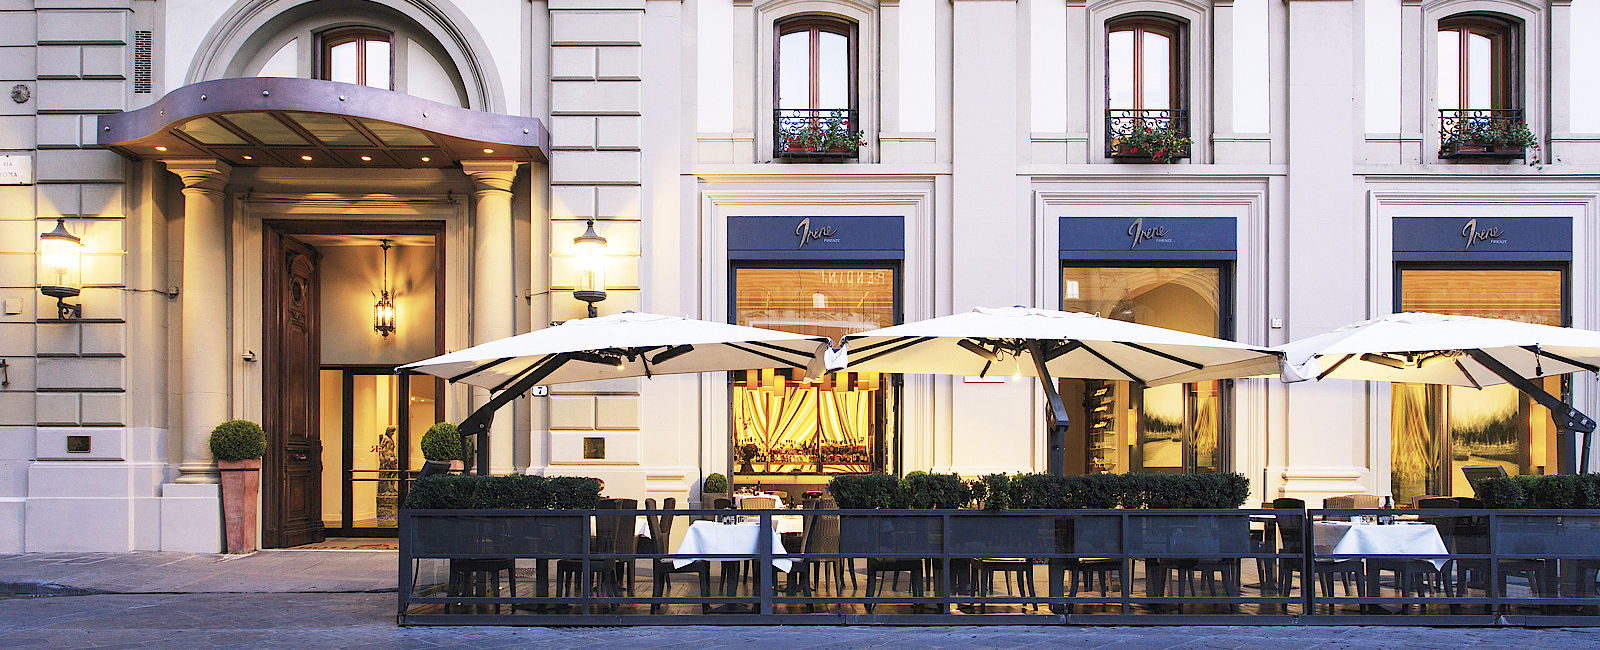 VERY SPECIAL HOTEL
 Hotel Savoy 
 Florentinisches Juwel

::::::::::

_TASK DIRECTIONS:_ Reproduce every line of the material precisely, omitting its pictures.

_OUTPUT:_
 VERY SPECIAL HOTEL
 Hotel Savoy 
 Florentinisches Juwel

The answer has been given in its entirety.